The theory then goes on to say, well, that’s not just a power the President has. It’s actually a duty that the President has because the President must take care that the laws be faithfully executed. And how can the President do that if the President doesn’t have control over everybody in the government who’s not either part of Congress or part of the judiciary? I’ve just reconstructed for you a simplified version of what I understand to be the Reagan Administration’s unitary-executive argument. But that position has been rejected for all of American history up until very recently, including by some really conservative people like former Chief Justice William Rehnquist.

Right, but at the same time it melded with conservative concern about what they like to call the administrative state, correct?

Absolutely. And the kinds of concerns that people have had with the so-called deep state have varied a little bit based on the Republican President in charge. And it also varies a little bit based on agency. Nixon famously was very concerned that he was being resisted by the federal bureaucracy. Trump’s concern seems to have been threefold. I think he was afraid that the bureaucrats were liberals who were resisting him. And so he wanted to deconstruct the deep state in order to overcome the perceived resistance that he was getting from the government workforce.

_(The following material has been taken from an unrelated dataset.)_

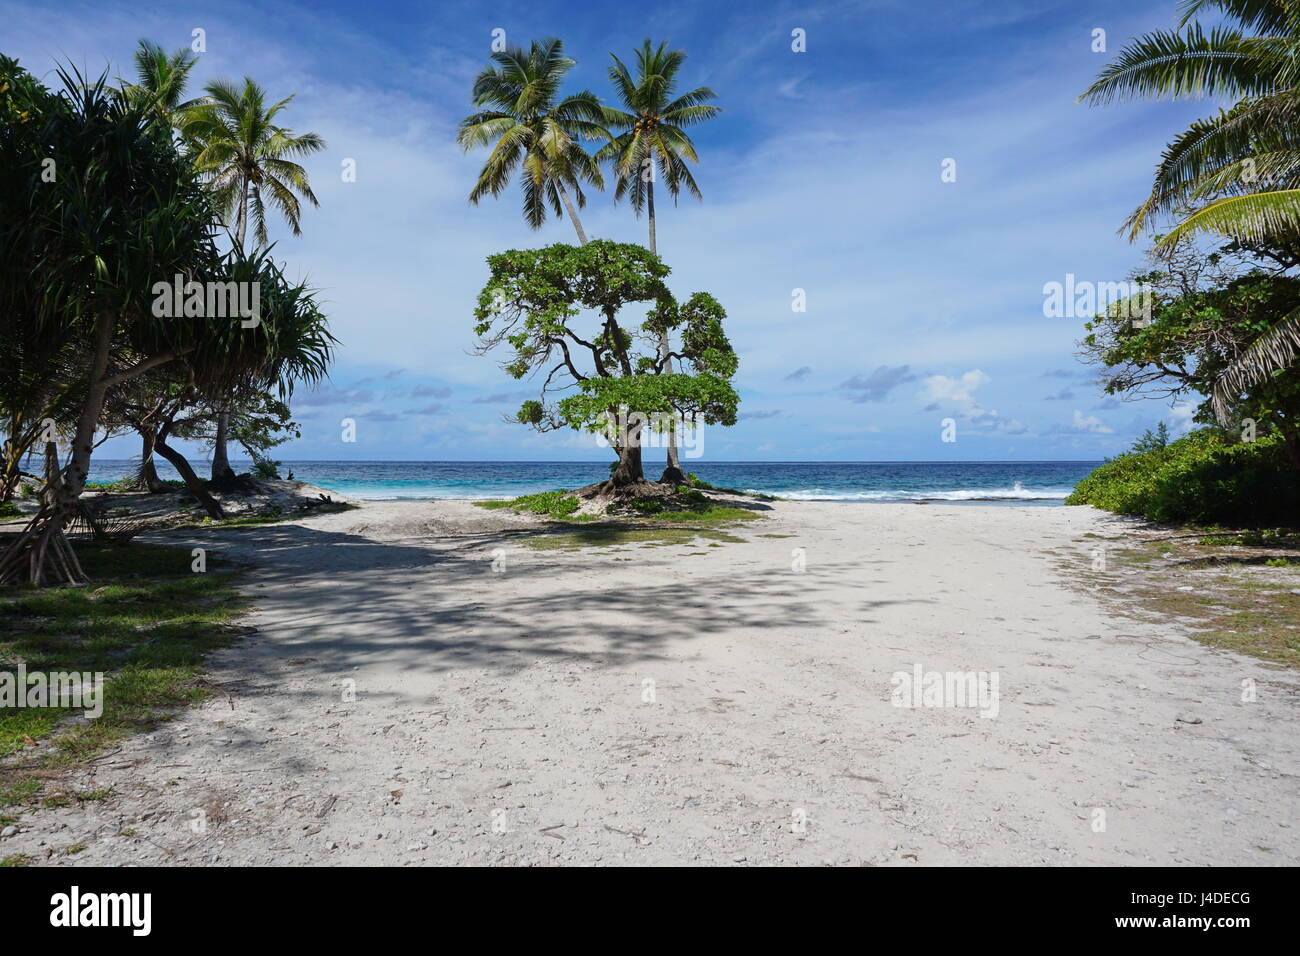 Weg zum Ozean mit tropischer Vegetation an der Küste der Insel, Französisch-Polynesien, Huahine Süd-Pazifik Stockfoto

That’s connected to the second point, which is that many of the agencies through which the government exercises power were created to fulfill social-democratic goals or social-welfare goals. So the Environmental Protection Agency or the Social Security Administration, or the Office of Medicare and Medicaid Services, these are agencies that exist in order to fulfill the goals of the New Deal and the Great Society, although, of course, the E.P.A. was actually created by Nixon. And so if you’re ideologically opposed to the policy programs those agencies are pursuing, then you might want to limit those agencies’ ability to exercise power, either by staffing them with your own appointees or by controlling what they’re doing.

And then the third reason—and this is maybe a more philosophical one, and this is where I think Trump’s interests have kind of dovetailed with the broader conservative project—is the way in which a lot of these agencies were set up, with a certain amount of insulation from direct Presidential control. There are several different tools that Congress has used over the years to establish that. But some of those tools were thought by conservative legal intellectuals to run afoul of the strict separation of powers. And so they developed arguments to explain why those tools were unconstitutional. And the Roberts Court has embraced some of those arguments. And those arguments don’t have to go hand in hand with the second bucket of arguments trying to destroy the power of perceived liberal agencies. But they do dovetail with the interests of a strong president who’s afraid of resistance from the federal bureaucracy.

So I want to talk about some of the specifics of the Trump plan. There are a bunch of quasi-independent agencies that operate with different mandates and different rules, from the F.T.C. to the Federal Reserve to the Consumer Financial Protection Bureau (C.F.P.B). So how do these agencies broadly function, and what do you see as the way a White House that wanted to bring them under control would try and change that?